» Recorded data
◆ ◆ ◆ ◆ ◆ ◆ ◆

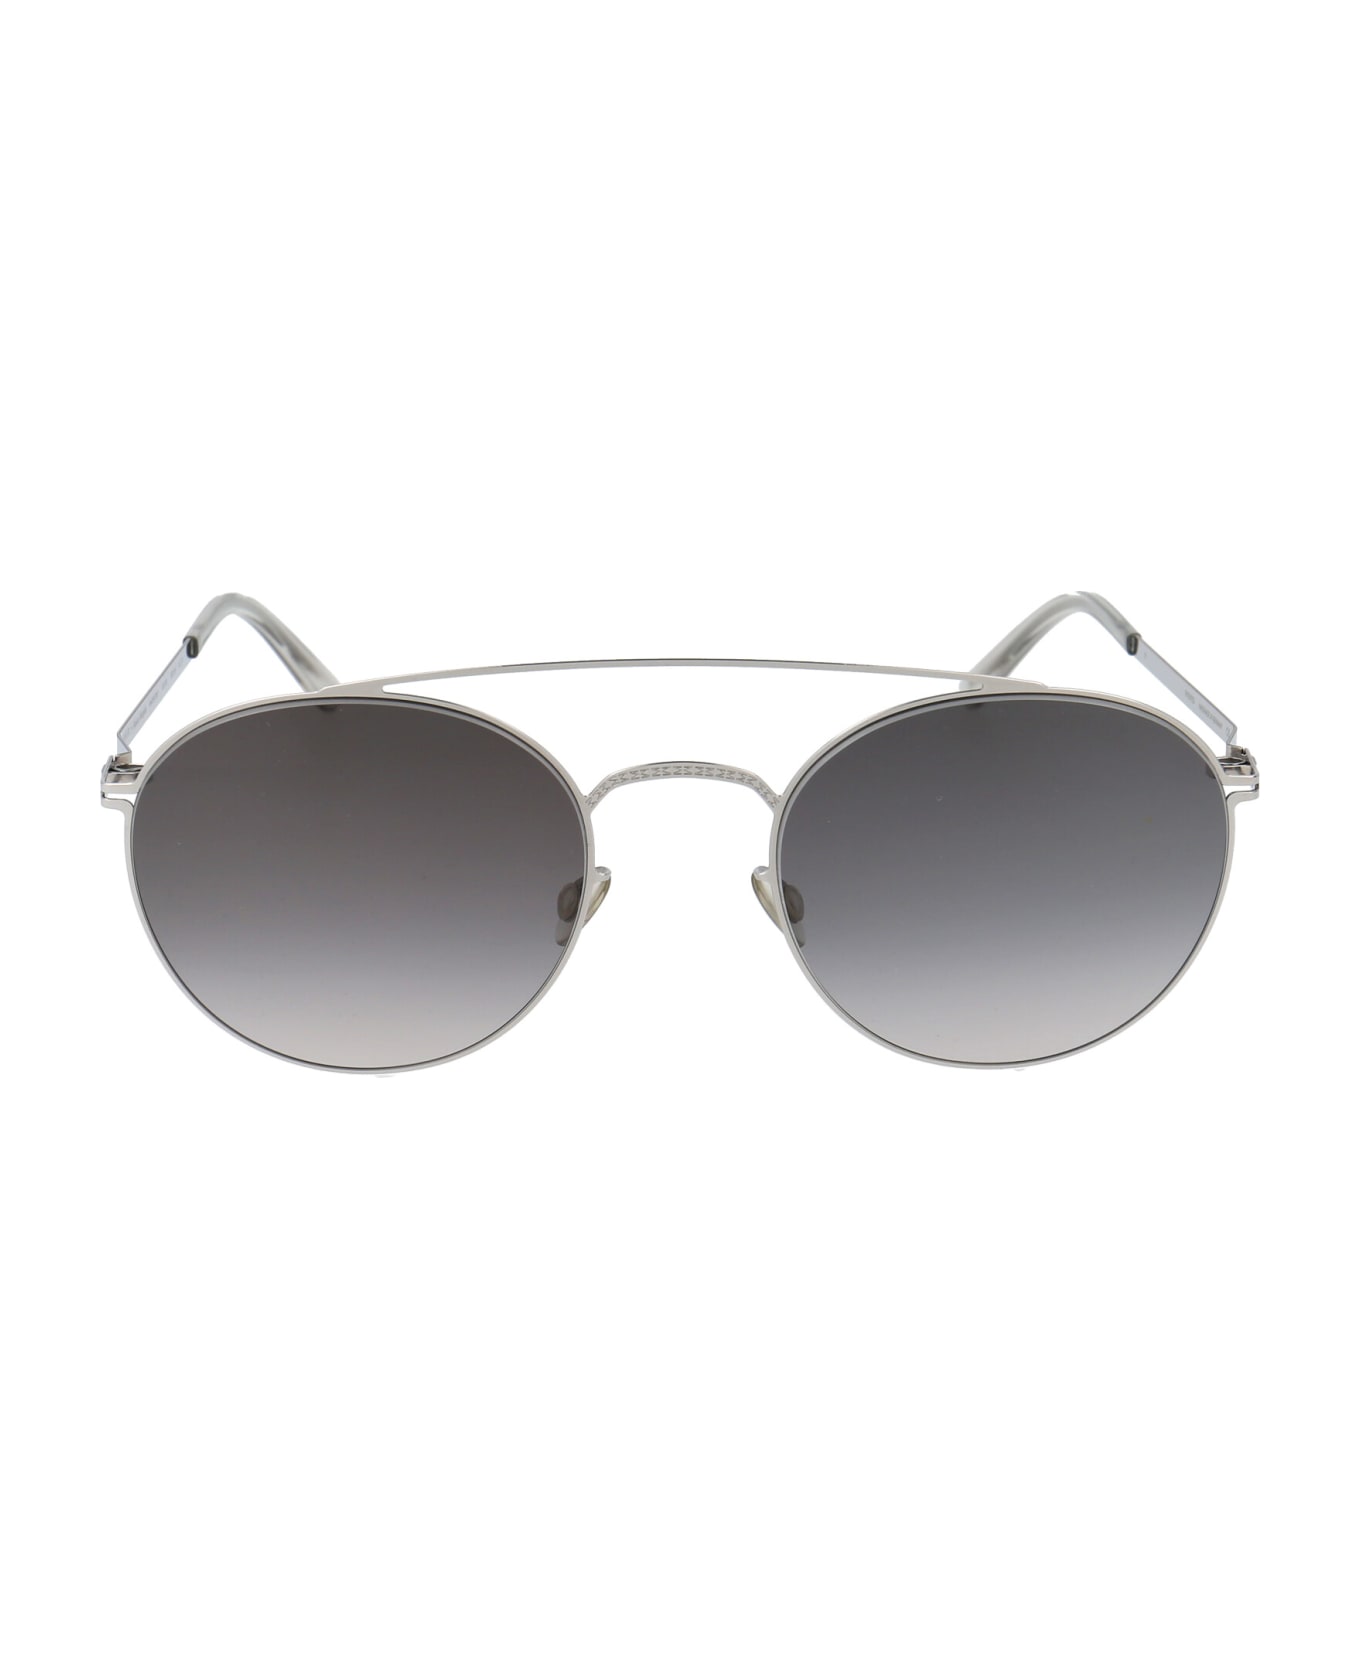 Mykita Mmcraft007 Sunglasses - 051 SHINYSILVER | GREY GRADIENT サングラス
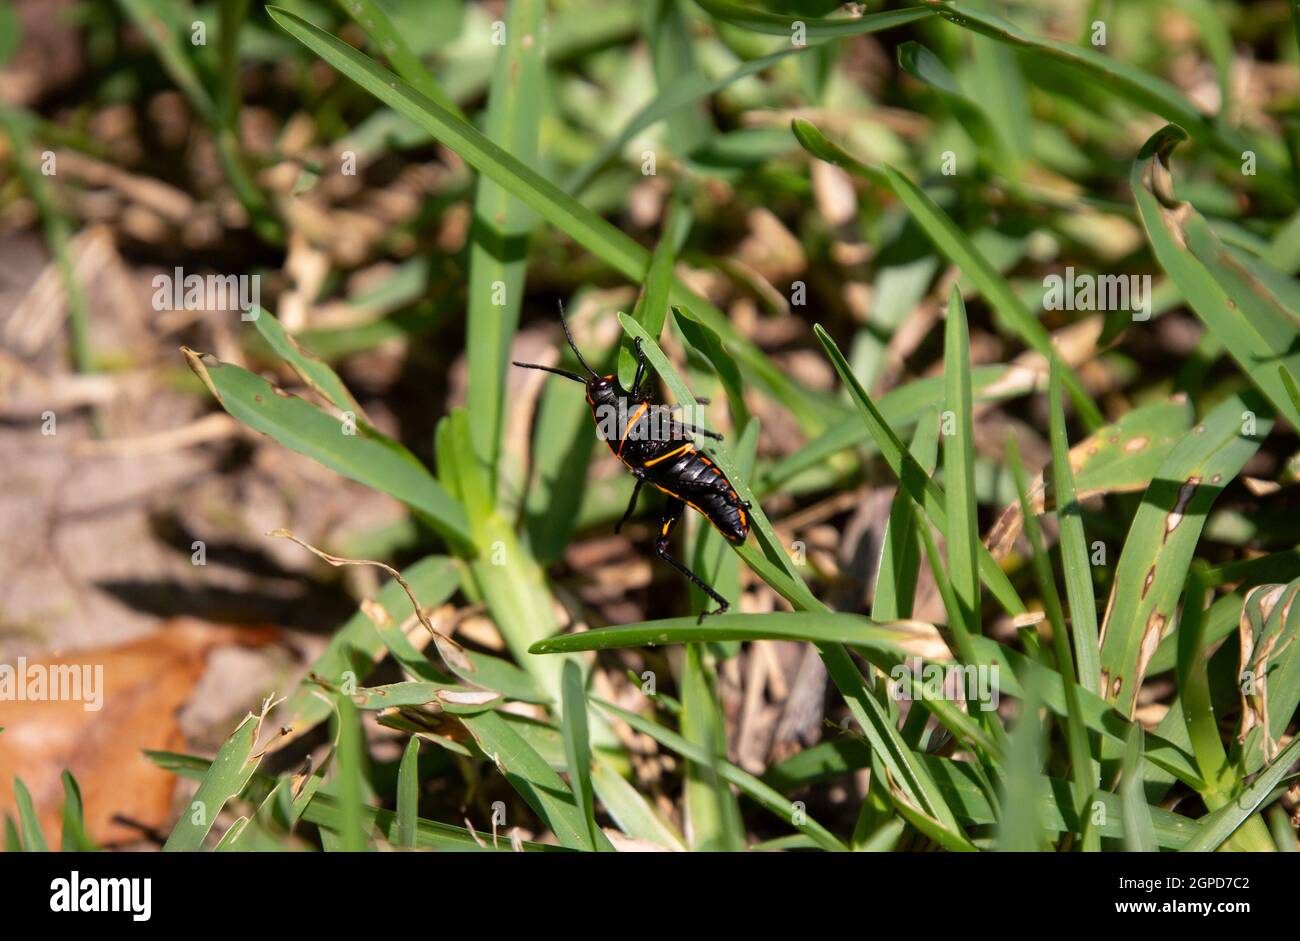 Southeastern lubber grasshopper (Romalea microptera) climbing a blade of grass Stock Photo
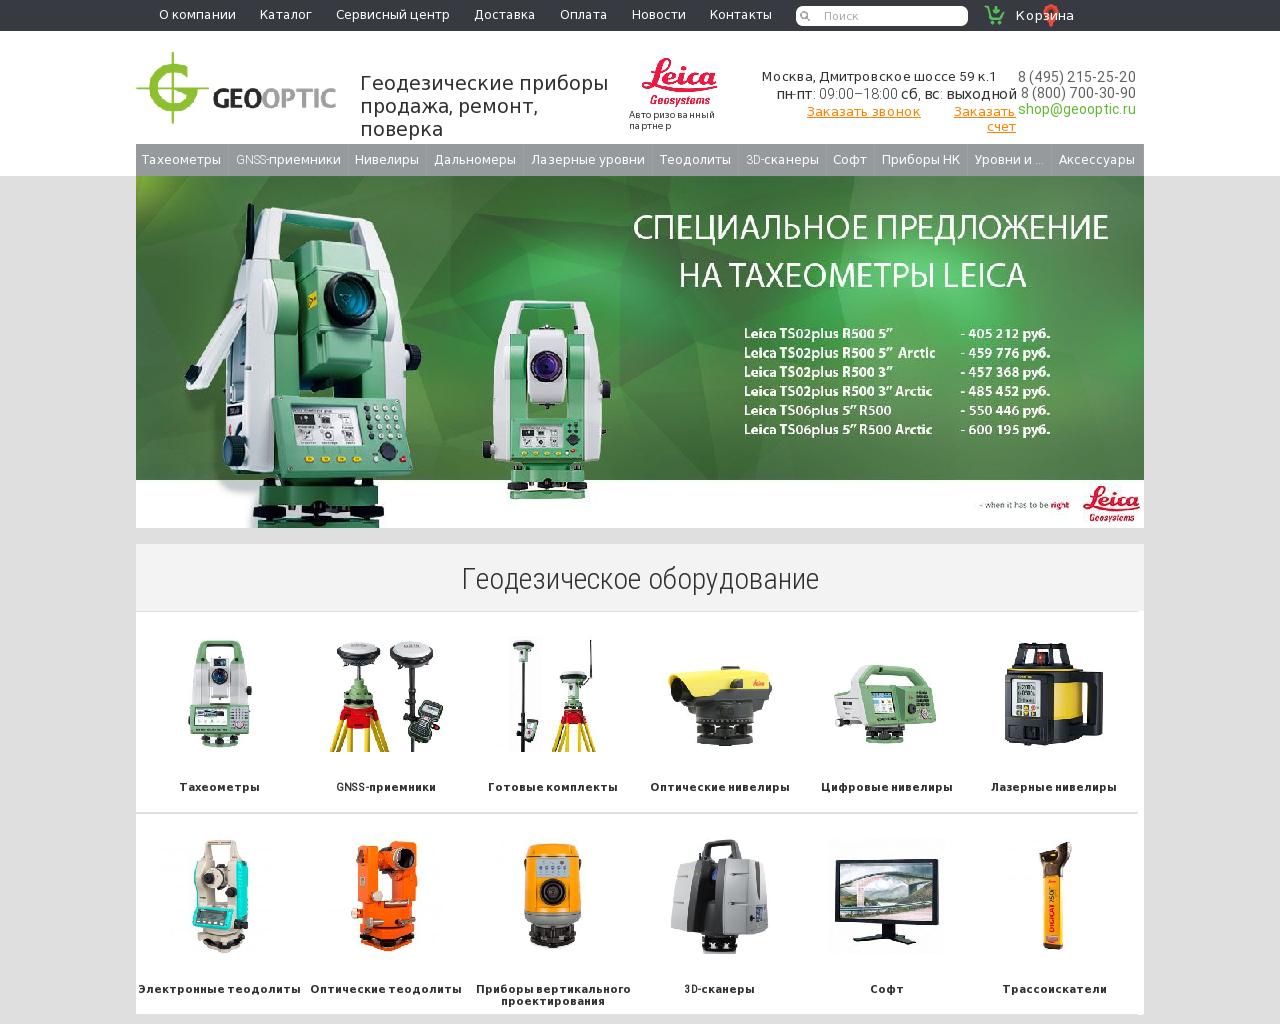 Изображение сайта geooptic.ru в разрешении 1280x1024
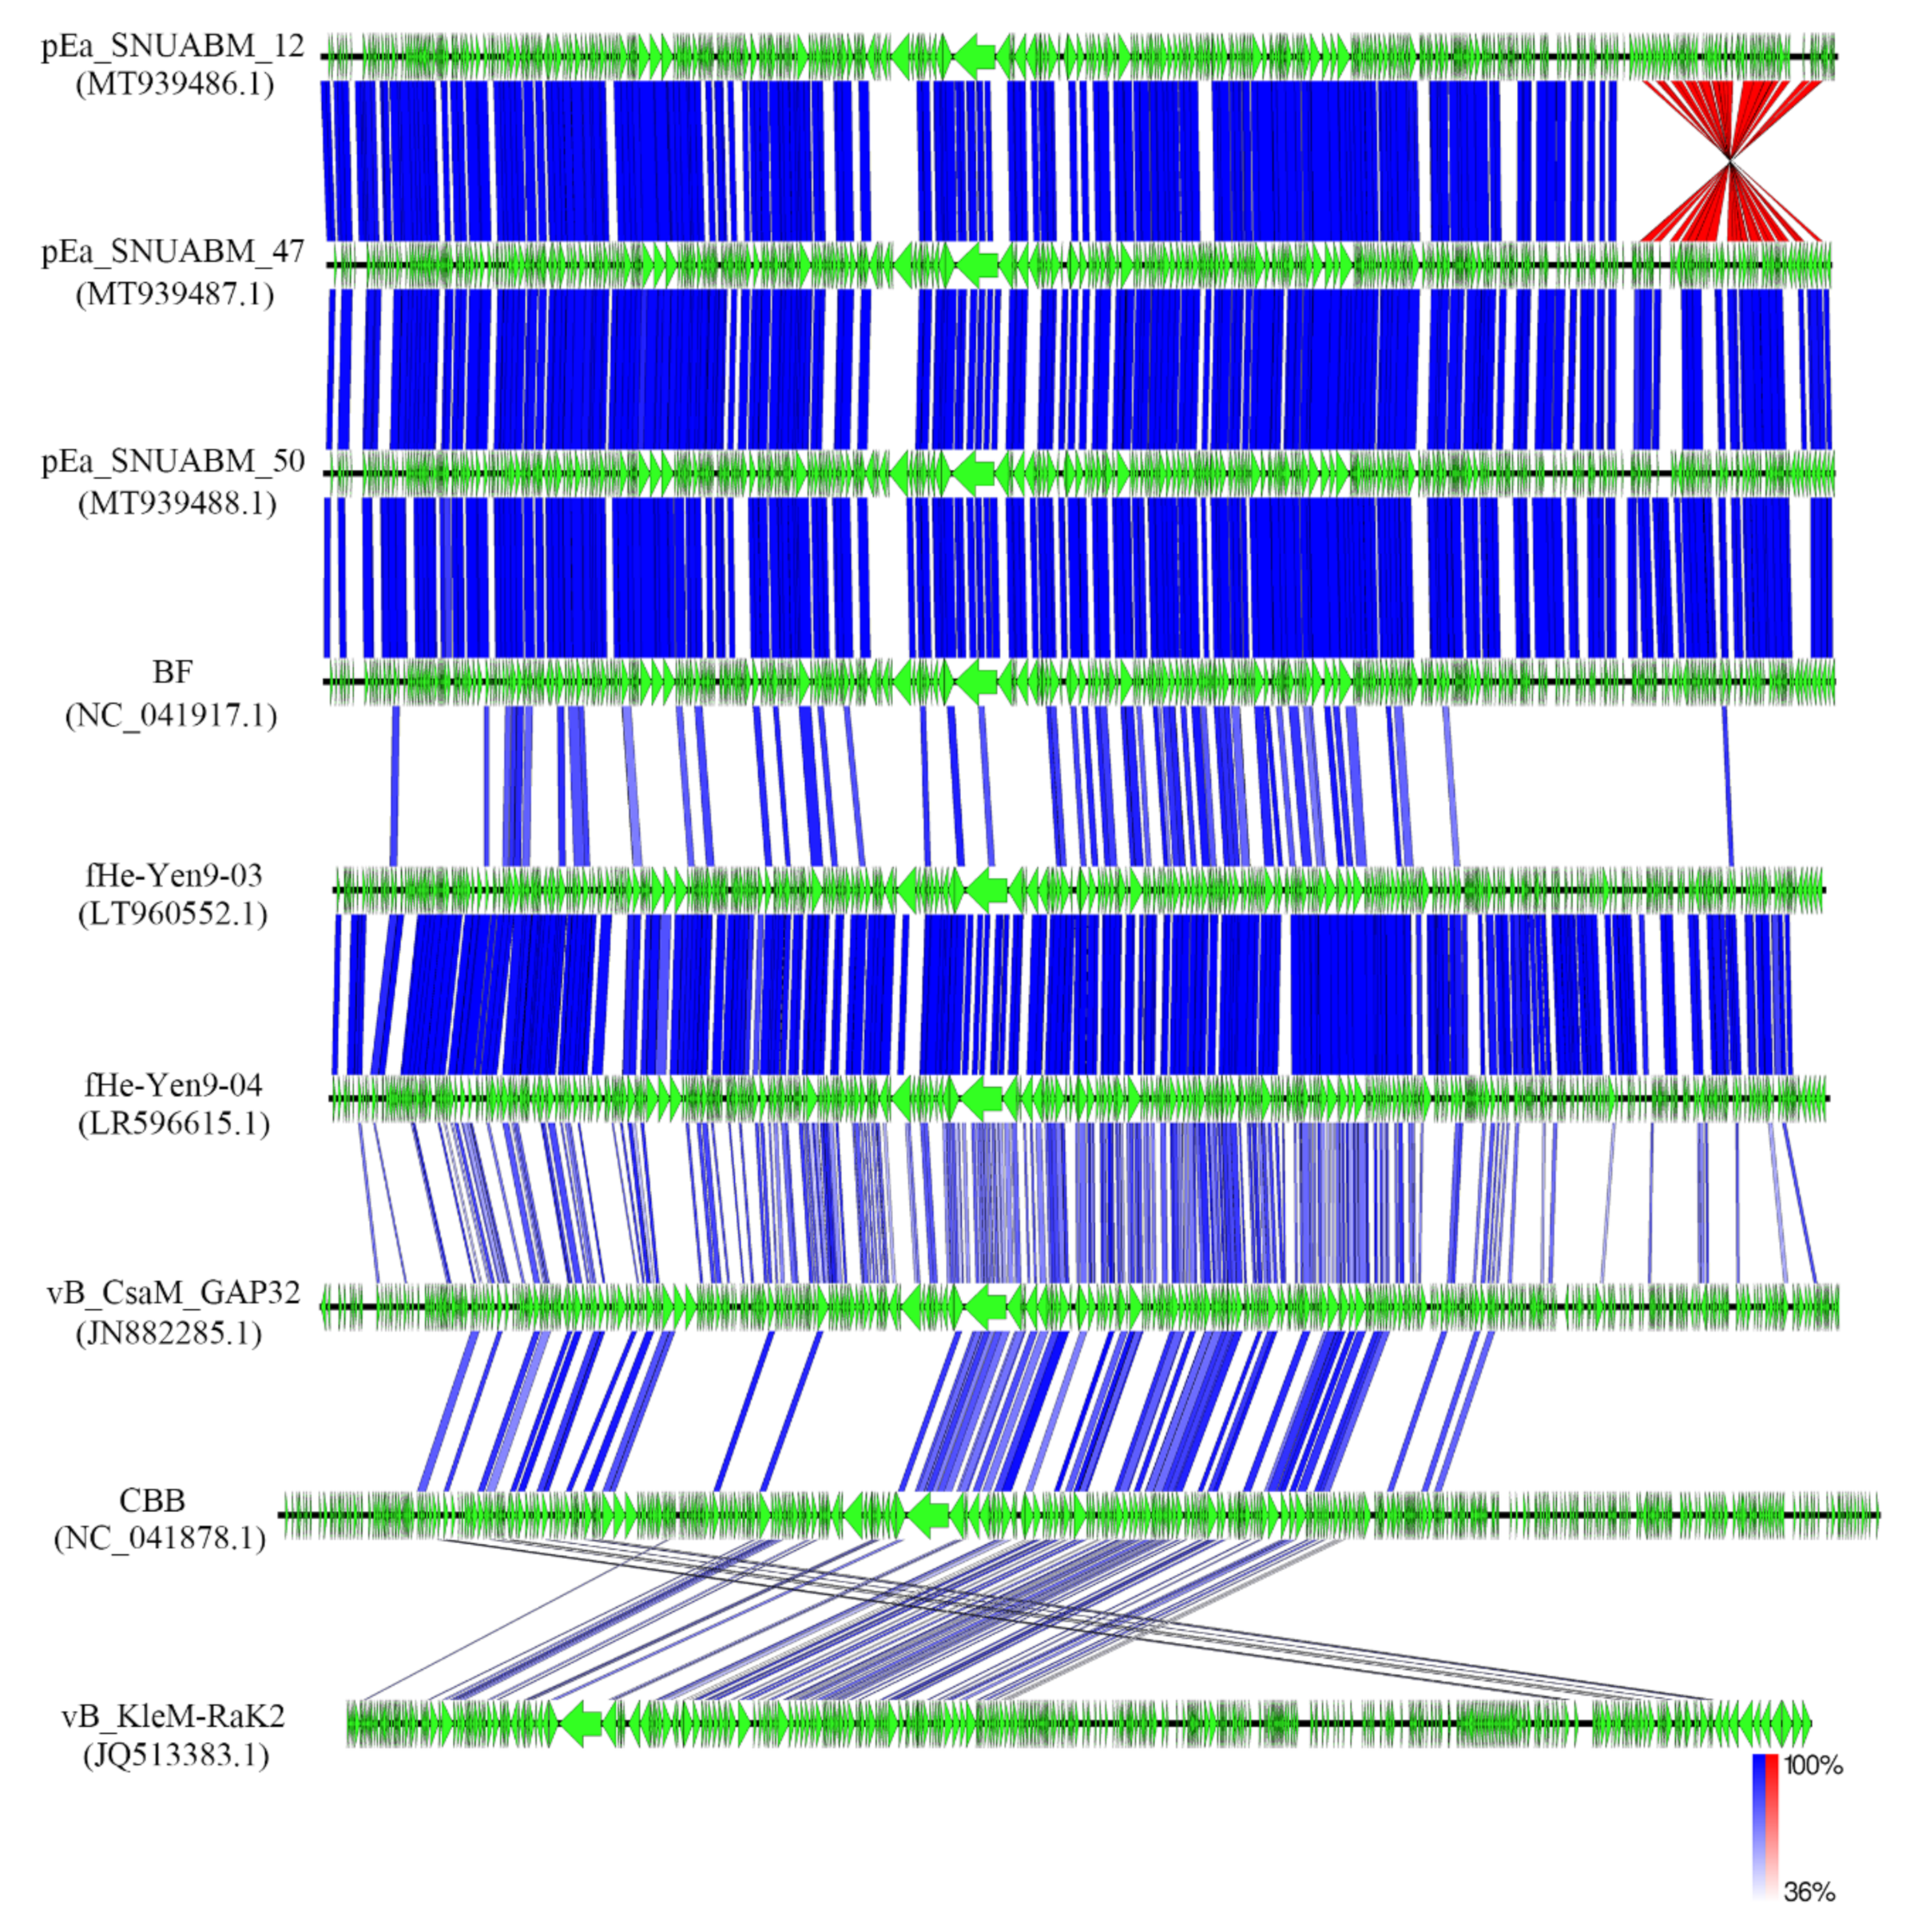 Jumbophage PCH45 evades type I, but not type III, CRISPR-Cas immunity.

◆ ◆ ◆ ◆ ◆ ◆ ◆

» Try it
Leave every picture out, and transcribe the data above exactly as it reads.

» Response to the task
 Mykita Mmcraft007 Sunglasses - 051 SHINYSILVER | GREY GRADIENT サングラス
 Southeastern lubber grasshopper (Romalea microptera) climbing a blade of grass Stock Photo
 Изображение сайта geooptic.ru в разрешении 1280x1024
 Jumbophage PCH45 evades type I, but not type III, CRISPR-Cas immunity.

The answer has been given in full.